### Exercise prompt
Starting at the line with "Classic sapphire and diamond bracelet." and going on through the line with "Cancun Airport Reports", reproduce each line in the records below exactly and nothing more.

[Stored dataset items]

[Start of Attachment]

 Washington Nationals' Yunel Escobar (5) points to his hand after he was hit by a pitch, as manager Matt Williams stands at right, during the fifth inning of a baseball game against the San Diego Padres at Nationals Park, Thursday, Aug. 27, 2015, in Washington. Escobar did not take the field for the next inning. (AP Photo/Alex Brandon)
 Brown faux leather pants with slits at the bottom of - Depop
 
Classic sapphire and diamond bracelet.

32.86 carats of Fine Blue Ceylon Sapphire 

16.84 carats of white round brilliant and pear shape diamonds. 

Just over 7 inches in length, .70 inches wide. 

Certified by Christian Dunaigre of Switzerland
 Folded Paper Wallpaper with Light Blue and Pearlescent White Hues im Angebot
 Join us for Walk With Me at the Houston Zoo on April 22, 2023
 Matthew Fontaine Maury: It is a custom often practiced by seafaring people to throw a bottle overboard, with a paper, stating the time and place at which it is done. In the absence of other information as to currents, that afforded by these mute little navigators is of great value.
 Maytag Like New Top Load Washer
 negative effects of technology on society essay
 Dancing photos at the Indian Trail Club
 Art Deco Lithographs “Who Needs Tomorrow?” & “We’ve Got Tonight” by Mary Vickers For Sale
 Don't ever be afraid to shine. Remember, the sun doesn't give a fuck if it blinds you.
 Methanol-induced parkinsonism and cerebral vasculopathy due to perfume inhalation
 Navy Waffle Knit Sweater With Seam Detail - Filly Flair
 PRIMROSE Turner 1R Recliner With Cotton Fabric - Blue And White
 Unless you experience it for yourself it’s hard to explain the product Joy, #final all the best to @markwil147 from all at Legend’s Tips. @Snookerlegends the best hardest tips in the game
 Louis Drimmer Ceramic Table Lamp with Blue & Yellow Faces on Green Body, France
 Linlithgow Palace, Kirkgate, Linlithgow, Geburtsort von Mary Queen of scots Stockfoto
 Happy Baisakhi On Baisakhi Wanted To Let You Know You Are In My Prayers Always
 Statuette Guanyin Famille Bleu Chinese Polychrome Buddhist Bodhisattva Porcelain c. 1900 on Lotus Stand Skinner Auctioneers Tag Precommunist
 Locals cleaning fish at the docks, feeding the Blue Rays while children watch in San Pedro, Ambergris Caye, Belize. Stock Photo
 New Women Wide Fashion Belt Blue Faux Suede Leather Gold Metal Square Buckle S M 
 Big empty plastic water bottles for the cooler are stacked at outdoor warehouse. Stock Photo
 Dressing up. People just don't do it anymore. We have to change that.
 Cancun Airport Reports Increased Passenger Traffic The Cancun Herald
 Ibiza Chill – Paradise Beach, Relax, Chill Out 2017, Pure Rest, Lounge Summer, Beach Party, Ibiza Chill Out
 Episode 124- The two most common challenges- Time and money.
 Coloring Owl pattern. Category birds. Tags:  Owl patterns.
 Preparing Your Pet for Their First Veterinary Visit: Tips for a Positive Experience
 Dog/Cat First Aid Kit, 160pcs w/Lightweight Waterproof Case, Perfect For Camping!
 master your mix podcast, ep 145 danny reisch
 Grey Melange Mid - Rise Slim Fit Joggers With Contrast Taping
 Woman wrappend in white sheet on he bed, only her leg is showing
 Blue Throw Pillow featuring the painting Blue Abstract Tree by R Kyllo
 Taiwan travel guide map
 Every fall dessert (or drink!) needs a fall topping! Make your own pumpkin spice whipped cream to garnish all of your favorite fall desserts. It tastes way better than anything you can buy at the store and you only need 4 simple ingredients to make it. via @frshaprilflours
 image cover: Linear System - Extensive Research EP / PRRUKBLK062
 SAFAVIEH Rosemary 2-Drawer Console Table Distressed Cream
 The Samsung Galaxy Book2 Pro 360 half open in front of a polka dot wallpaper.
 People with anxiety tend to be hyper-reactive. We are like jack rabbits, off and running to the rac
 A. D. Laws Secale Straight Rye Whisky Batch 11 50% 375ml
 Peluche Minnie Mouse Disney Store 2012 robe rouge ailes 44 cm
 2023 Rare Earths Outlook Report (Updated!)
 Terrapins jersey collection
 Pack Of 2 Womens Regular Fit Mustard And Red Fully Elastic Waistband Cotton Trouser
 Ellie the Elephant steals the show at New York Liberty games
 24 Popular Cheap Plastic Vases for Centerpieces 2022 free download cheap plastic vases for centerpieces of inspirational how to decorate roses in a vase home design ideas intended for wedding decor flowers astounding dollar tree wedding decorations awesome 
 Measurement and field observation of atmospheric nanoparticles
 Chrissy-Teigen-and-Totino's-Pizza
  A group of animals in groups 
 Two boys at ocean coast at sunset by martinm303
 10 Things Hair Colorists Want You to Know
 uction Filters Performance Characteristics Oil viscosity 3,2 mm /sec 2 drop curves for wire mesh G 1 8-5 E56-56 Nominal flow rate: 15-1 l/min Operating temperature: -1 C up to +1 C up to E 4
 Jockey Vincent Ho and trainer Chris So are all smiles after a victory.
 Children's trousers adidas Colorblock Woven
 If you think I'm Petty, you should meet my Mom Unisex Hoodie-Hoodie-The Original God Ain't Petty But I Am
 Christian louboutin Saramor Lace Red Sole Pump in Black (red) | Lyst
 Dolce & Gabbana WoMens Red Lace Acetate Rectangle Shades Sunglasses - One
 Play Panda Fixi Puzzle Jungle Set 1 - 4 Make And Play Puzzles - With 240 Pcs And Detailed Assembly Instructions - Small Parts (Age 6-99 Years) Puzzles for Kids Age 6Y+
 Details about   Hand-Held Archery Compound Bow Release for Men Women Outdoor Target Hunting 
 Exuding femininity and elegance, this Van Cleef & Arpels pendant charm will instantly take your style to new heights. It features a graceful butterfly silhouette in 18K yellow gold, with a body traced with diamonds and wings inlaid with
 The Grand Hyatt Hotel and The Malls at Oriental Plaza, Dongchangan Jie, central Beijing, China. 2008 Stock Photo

[End of Attachment]

### Exercise output
Classic sapphire and diamond bracelet.

32.86 carats of Fine Blue Ceylon Sapphire 

16.84 carats of white round brilliant and pear shape diamonds. 

Just over 7 inches in length, .70 inches wide. 

Certified by Christian Dunaigre of Switzerland
 Folded Paper Wallpaper with Light Blue and Pearlescent White Hues im Angebot
 Join us for Walk With Me at the Houston Zoo on April 22, 2023
 Matthew Fontaine Maury: It is a custom often practiced by seafaring people to throw a bottle overboard, with a paper, stating the time and place at which it is done. In the absence of other information as to currents, that afforded by these mute little navigators is of great value.
 Maytag Like New Top Load Washer
 negative effects of technology on society essay
 Dancing photos at the Indian Trail Club
 Art Deco Lithographs “Who Needs Tomorrow?” & “We’ve Got Tonight” by Mary Vickers For Sale
 Don't ever be afraid to shine. Remember, the sun doesn't give a fuck if it blinds you.
 Methanol-induced parkinsonism and cerebral vasculopathy due to perfume inhalation
 Navy Waffle Knit Sweater With Seam Detail - Filly Flair
 PRIMROSE Turner 1R Recliner With Cotton Fabric - Blue And White
 Unless you experience it for yourself it’s hard to explain the product Joy, #final all the best to @markwil147 from all at Legend’s Tips. @Snookerlegends the best hardest tips in the game
 Louis Drimmer Ceramic Table Lamp with Blue & Yellow Faces on Green Body, France
 Linlithgow Palace, Kirkgate, Linlithgow, Geburtsort von Mary Queen of scots Stockfoto
 Happy Baisakhi On Baisakhi Wanted To Let You Know You Are In My Prayers Always
 Statuette Guanyin Famille Bleu Chinese Polychrome Buddhist Bodhisattva Porcelain c. 1900 on Lotus Stand Skinner Auctioneers Tag Precommunist
 Locals cleaning fish at the docks, feeding the Blue Rays while children watch in San Pedro, Ambergris Caye, Belize. Stock Photo
 New Women Wide Fashion Belt Blue Faux Suede Leather Gold Metal Square Buckle S M 
 Big empty plastic water bottles for the cooler are stacked at outdoor warehouse. Stock Photo
 Dressing up. People just don't do it anymore. We have to change that.
 Cancun Airport Reports Increased Passenger Traffic The Cancun Herald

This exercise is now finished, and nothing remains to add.